This summer I reread Dietrich Bonhoeffer's Letters and Papers from Prison in Fortress Press's extra­ordinary new edition of his collected works. Letters and Papers remains almost endlessly suggestive and stimulating theologically. But in this reading I noticed how often the imprisoned Luth­eran pastor mentioned tobacco. There are, in fact, no fewer than 20 entries in the index under "Smoking."

"I am very grateful for any smoking supplies," Bonhoef­fer mentions in one letter. In another he adds his "special thanks for the smoking supplies and to all the kind donors of cigarettes," and elsewhere he offers gratitude for "cookies, peaches, and cigarettes."

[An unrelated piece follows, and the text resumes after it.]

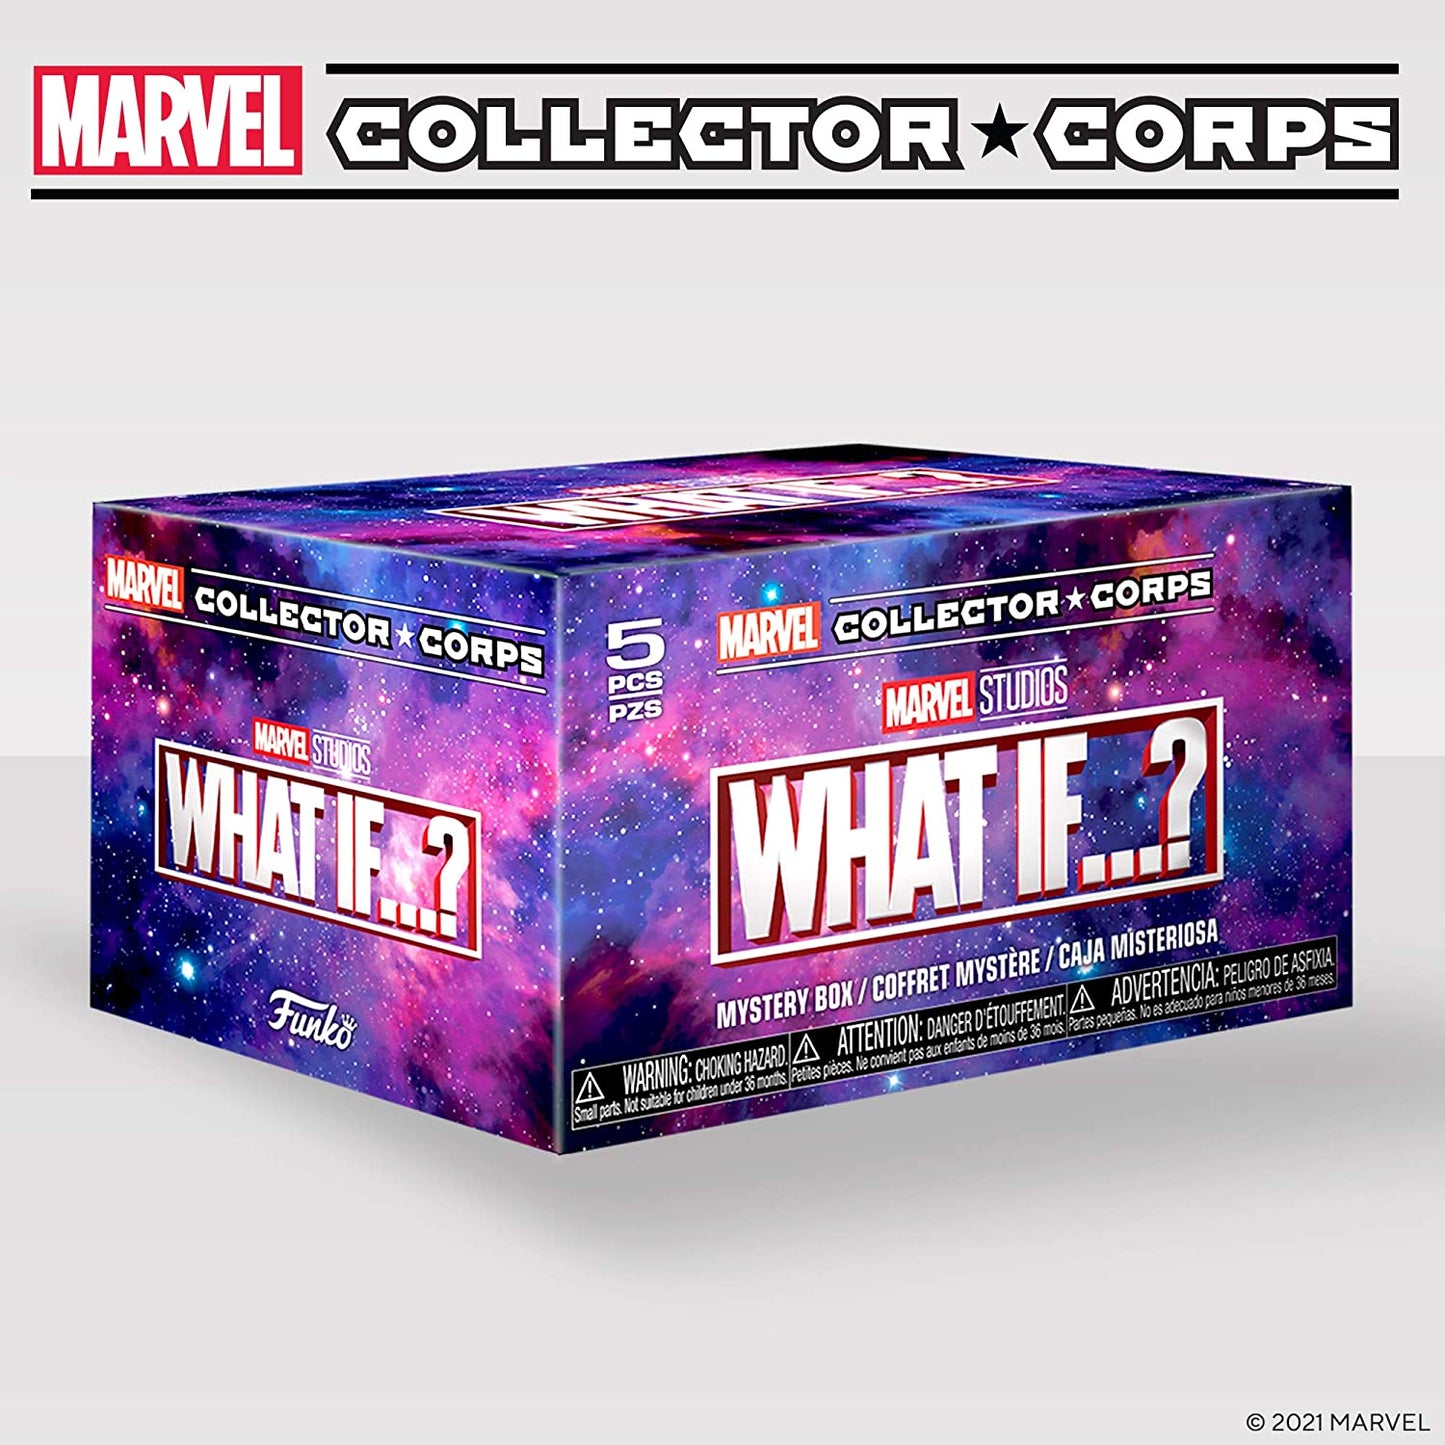 Marvel Collector Corps What if...? Talla L
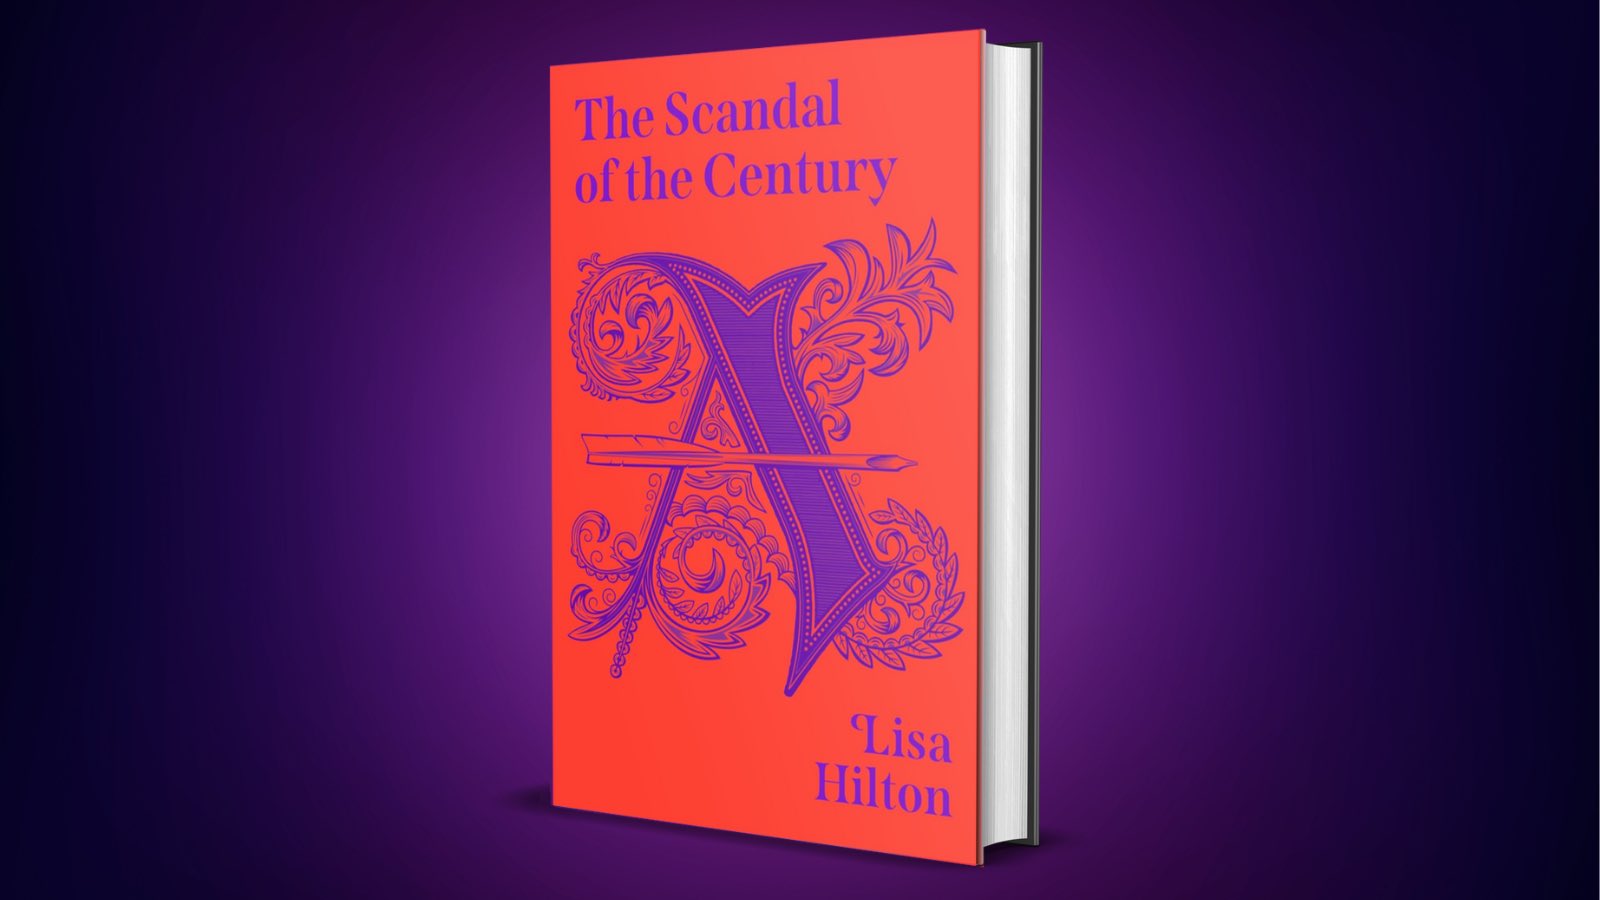 The Scandal of the Century, Lisa Hilton, book cover design by Jamie Clarke Type

Bonhoeffer often re­inforces his gratitude with superlatives and exclamation points. "Maria's and Mother's cigarettes were magnificent," he writes. "I thank Anna very much for the cigarettes." And: "I thank you very much for everything, also for the cigars and cigarettes from your trip!" He praises a Wolf cigar for its "magical fragrance" and on another occasion declares, "I've lit the big cigar and am enjoying it immensely—thanks very much!" When his dear friend Eber­hard Bethge delivers a cigar sent by Karl Barth, Bon­hoeffer finds it so fine that he staggers at its "truly im­probable reality."